Sihem, who lives in neighboring Luxembourg, pointed out the egregious double standard: “We are the seventh [economic] world power, yet people are dying from hunger in France. And all [the media] is interested in is whether [soccer star] Karim Benzema is going to sing the Marseillaise [national anthem]!”
Political decisions on the traditional Left and Right have contributed to the feeling of malaise for many French Muslims — about 70 percent of whom are estimated to have voted for left-winger Jean-Luc Mélenchon in the first round of the most recent presidential election. In 2015, amid the Charlie Hebdo and later Bataclan terrorist attacks, center-left president François Hollande proposed changing the law to allow dual citizens who had committed an act of terrorism to be stripped of their French nationality. The move — popular with the French public — nonetheless contributed to a feeling, for some of the French Muslims included in the study, of being reduced to second-class citizens whose nationality is contingent on exemplary behavior, the authors write.

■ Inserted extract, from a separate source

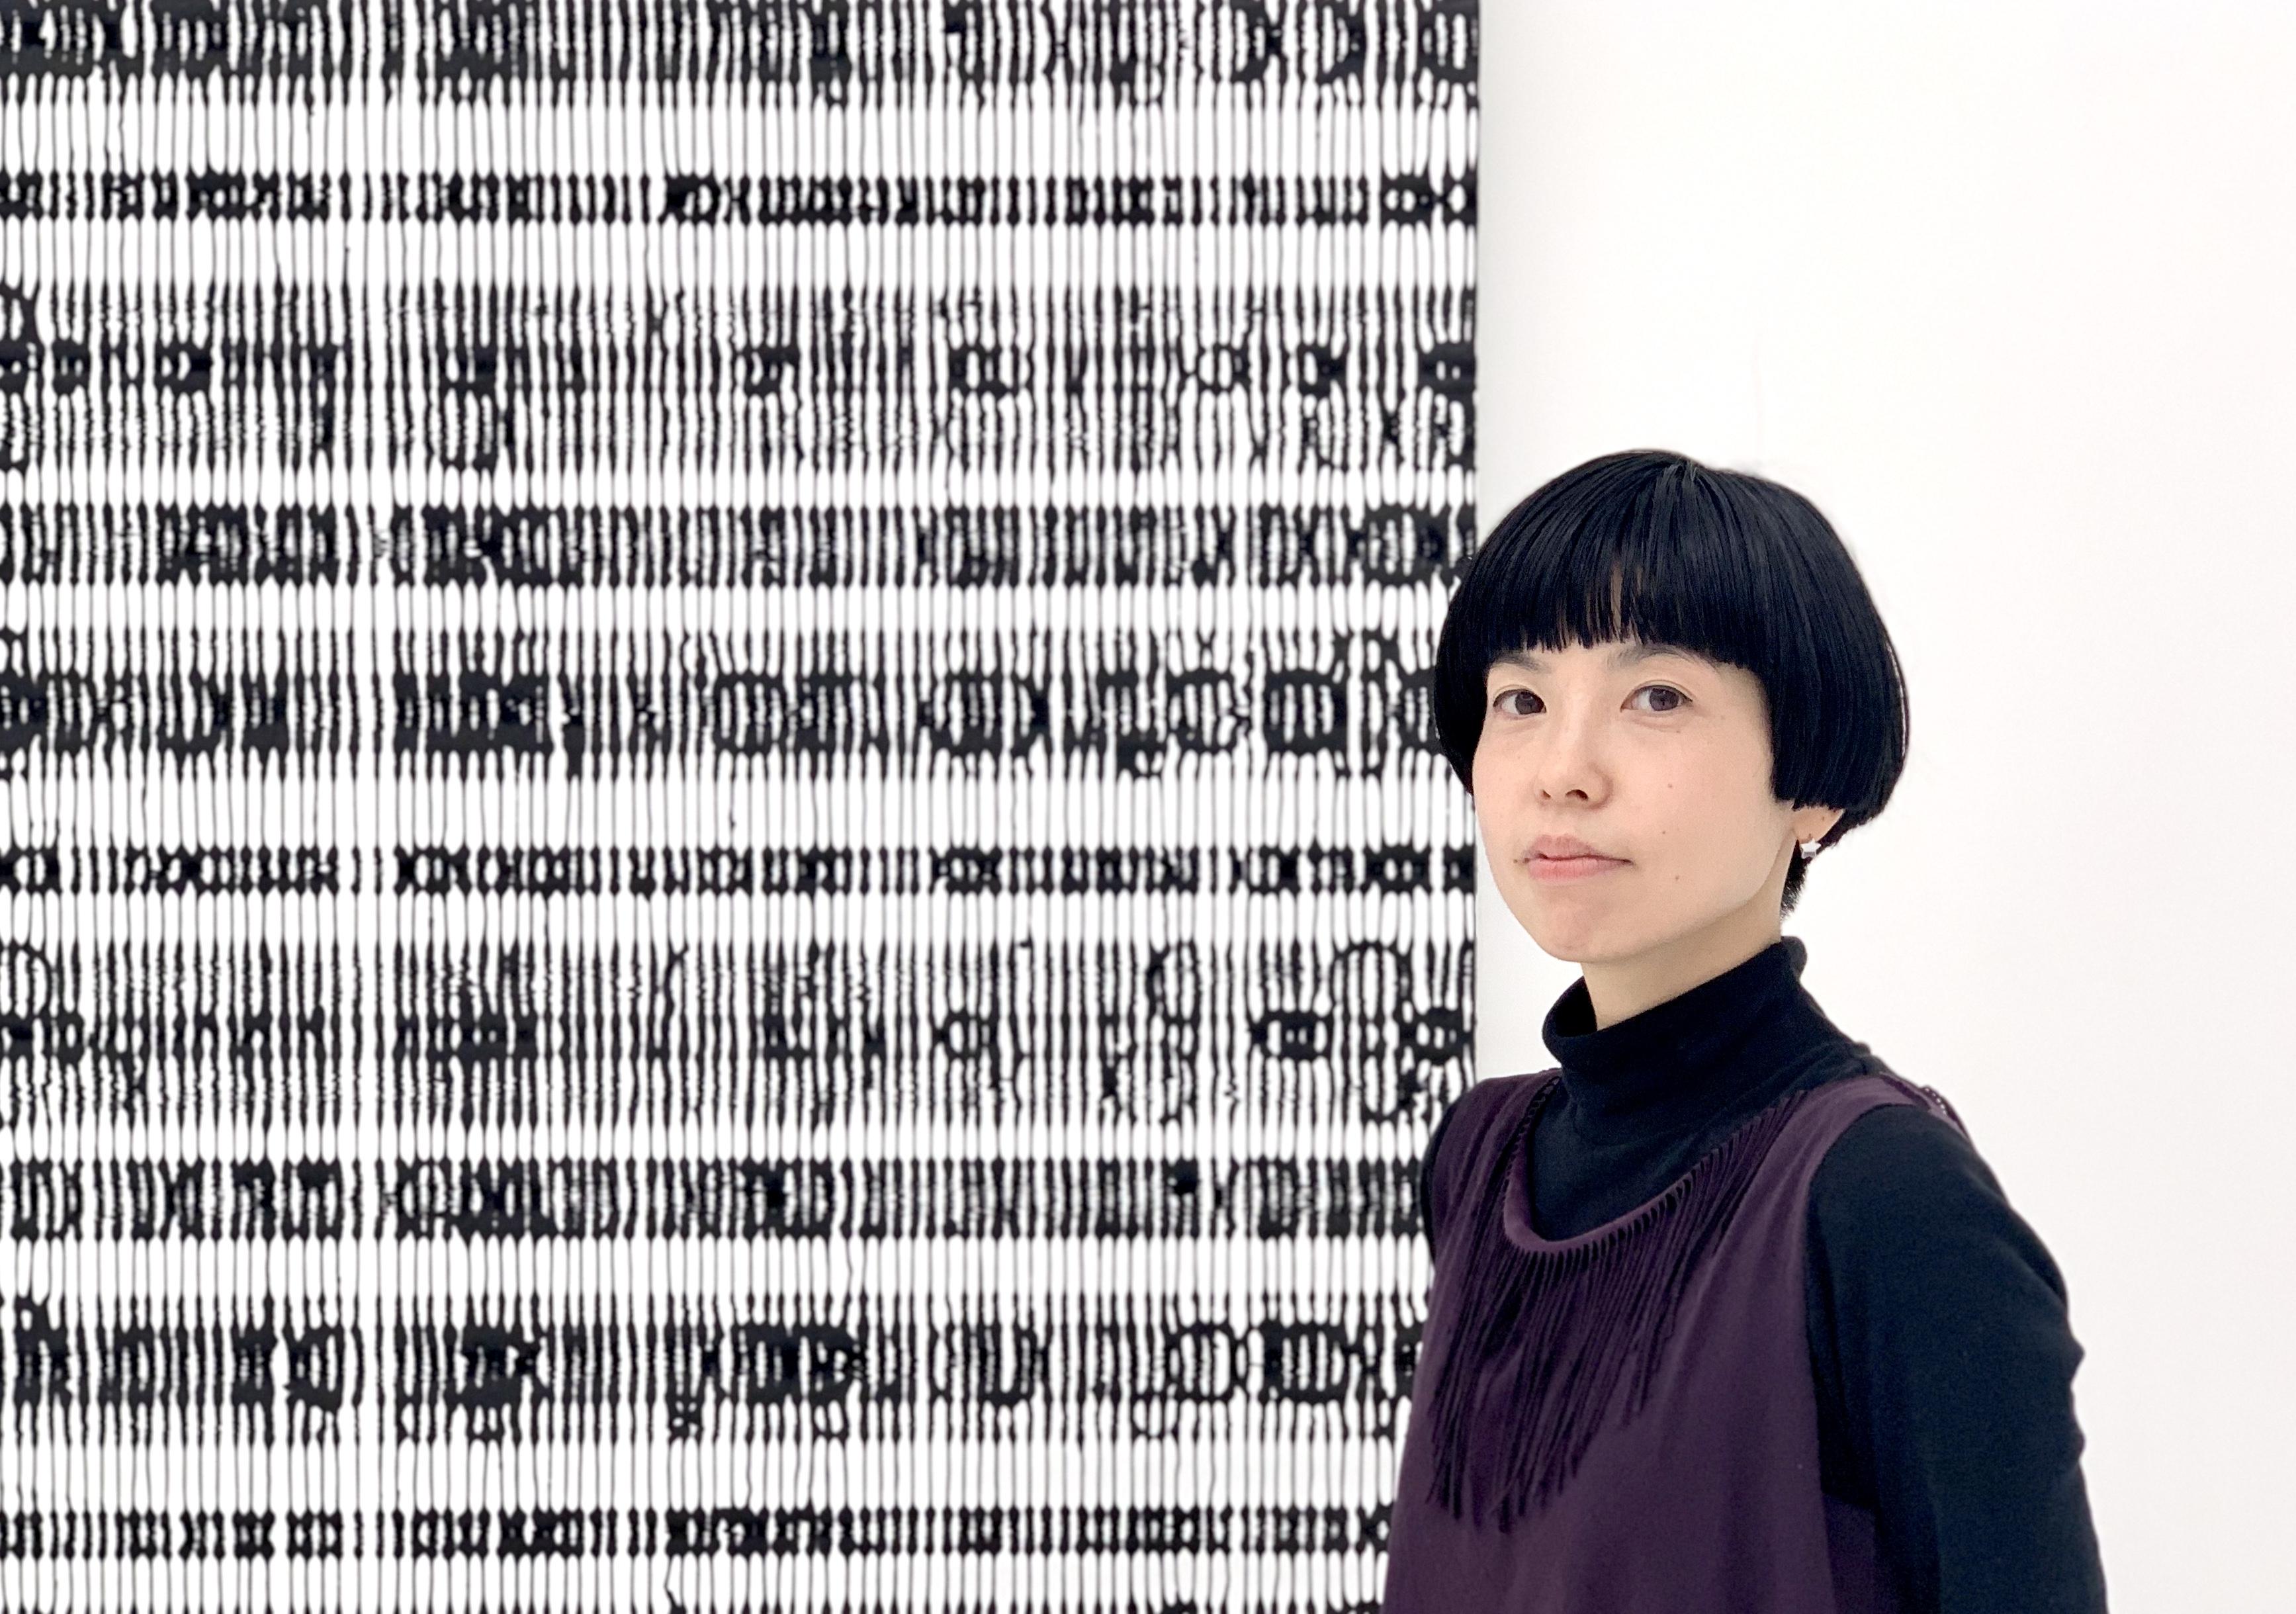 ありのままを受け入れることで、作品になる。髙畠依子「MARS」展

Five years later, in 2020, Emmanuel Macron’s then interior minister, Gérald Darmanin, dissolved two anti-Islamophobia NGOs on grounds of “Islamic propaganda.” Darmanin claimed at the time that political Islam was an “enemy of the Republic” and that “communitarianism” (a negative term that denotes a lack of racial or ethnic mixing) needed to be combated “in all its forms.”
Macron’s current interior minister, Bruno Retailleau, has been no better for France’s Muslims. After the murder of Cissé in the mosque in Southern France, Retailleau waited two full days before visiting the scene of the violent crime. He refused to meet Cissé’s family on account of the slain Malian’s undocumented status.
A partisan of the racist “great replacement” conspiracy theory, which suggests that the higher birth rates of immigrants will lead to a dilution of French (white, Catholic) culture, Retailleau has been quoted as saying that France is experiencing “a submersion” of migrants. He didn’t wait long before moving ahead on a law aimed at banning headscarves at French universities and in sports competitions.
Under Retailleau’s watch, the number of Islamophobic hate crimes has skyrocketed. This wave has affected all of metropolitan France. In recent months, Celtic crosses were tagged on a mosque in Moulins, a dead boar was deposited on the doorstep of another near Dijon, and one mosque in Amiens was targeted with an arson attempt.
As Islamophobia rises across Europe — manifesting itself in the form of last August’s anti-Muslim hate rallies in the UK, a far-right takeover of the Dutch government, and the rise of anti-Islam movements like Pegida (Patriotic Europeans Against the Islamization of the West) in Germany — the authors of France, You Love It but You Leave It suggest that in terms of Islamophobia there is nonetheless a “French exception.”
As Harrison Settler has written in Jacobin, mainstream French politicians are particularly unwilling to admit that France has a problem. This, the authors note, combined with the dismantling of groups aimed at bringing awareness (such as the Collective Against Islamophobia in France, or CCIF), has exacerbated the problem, giving French Muslims little recourse for having their complaints heard.
The authors of the study note that this collective denial, in addition to the obvious moral questions it poses, has meant a huge financial loss for the French state — to the tune of €150 billion in lost revenues due to discrimination.
“The people we met preferred to leave — to save themselves when it no longer felt possible to save France,” the authors conclude. “The goal of this book is to contribute to reopening that debate.”